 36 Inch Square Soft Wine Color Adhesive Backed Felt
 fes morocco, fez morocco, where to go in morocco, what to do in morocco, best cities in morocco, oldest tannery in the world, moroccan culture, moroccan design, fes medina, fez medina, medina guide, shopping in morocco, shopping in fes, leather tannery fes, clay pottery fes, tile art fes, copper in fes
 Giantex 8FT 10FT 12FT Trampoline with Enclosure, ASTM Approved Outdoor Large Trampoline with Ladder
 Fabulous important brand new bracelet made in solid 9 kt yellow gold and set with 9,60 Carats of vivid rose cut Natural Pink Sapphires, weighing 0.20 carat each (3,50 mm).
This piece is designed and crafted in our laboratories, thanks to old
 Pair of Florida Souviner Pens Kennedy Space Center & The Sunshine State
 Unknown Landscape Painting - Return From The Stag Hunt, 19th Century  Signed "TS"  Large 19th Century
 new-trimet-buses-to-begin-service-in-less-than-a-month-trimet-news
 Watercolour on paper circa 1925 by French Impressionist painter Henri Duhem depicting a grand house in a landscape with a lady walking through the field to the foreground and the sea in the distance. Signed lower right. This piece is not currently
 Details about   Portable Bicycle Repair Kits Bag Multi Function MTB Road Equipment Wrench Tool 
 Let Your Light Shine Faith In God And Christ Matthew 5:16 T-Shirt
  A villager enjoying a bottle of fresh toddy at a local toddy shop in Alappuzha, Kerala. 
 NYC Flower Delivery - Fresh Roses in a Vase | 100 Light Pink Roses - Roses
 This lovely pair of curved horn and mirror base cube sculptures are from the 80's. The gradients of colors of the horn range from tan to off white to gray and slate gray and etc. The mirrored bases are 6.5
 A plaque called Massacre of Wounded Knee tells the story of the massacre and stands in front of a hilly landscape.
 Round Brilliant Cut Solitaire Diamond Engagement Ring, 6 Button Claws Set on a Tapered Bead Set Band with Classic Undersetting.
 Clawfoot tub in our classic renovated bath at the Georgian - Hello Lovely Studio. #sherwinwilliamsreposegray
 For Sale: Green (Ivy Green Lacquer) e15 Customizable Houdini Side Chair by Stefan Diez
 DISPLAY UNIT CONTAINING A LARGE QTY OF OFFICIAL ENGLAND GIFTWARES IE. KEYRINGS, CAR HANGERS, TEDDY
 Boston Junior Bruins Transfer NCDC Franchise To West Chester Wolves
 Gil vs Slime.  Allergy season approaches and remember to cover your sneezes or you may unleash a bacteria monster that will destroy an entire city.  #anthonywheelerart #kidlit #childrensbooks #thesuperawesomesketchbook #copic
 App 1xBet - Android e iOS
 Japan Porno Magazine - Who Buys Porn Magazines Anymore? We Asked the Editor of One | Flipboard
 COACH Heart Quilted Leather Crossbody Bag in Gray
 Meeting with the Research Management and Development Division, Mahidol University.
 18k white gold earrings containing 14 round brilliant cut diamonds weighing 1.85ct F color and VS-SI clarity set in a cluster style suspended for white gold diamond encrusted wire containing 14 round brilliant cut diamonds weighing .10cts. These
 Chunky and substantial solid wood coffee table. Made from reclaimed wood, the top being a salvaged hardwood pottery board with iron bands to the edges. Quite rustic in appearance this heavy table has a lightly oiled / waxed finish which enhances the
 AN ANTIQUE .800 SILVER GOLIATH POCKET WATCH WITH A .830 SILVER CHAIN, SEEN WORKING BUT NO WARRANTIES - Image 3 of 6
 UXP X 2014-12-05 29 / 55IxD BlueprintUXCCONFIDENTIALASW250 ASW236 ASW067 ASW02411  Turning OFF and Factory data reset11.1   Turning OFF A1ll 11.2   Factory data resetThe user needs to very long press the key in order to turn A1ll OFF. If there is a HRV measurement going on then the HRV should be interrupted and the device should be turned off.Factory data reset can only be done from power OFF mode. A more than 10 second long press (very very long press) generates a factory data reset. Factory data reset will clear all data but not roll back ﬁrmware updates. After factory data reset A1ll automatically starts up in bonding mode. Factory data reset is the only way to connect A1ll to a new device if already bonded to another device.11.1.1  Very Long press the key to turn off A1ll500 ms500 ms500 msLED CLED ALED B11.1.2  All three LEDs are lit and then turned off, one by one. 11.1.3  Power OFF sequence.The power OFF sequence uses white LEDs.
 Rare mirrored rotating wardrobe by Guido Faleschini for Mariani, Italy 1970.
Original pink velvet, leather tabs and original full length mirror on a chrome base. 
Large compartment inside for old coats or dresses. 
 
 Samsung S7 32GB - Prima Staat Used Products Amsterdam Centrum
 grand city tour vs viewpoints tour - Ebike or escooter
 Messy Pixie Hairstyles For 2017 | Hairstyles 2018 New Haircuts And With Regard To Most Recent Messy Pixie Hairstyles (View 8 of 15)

·····

• **WORK ORDER**: In the entries above, the lines between the one holding "For Sale: Green" and the one holding "Meeting with the", inclusive, are to be printed exactly as written, and those alone.

• **TASK ANSWER**:
 For Sale: Green (Ivy Green Lacquer) e15 Customizable Houdini Side Chair by Stefan Diez
 DISPLAY UNIT CONTAINING A LARGE QTY OF OFFICIAL ENGLAND GIFTWARES IE. KEYRINGS, CAR HANGERS, TEDDY
 Boston Junior Bruins Transfer NCDC Franchise To West Chester Wolves
 Gil vs Slime.  Allergy season approaches and remember to cover your sneezes or you may unleash a bacteria monster that will destroy an entire city.  #anthonywheelerart #kidlit #childrensbooks #thesuperawesomesketchbook #copic
 App 1xBet - Android e iOS
 Japan Porno Magazine - Who Buys Porn Magazines Anymore? We Asked the Editor of One | Flipboard
 COACH Heart Quilted Leather Crossbody Bag in Gray
 Meeting with the Research Management and Development Division, Mahidol University.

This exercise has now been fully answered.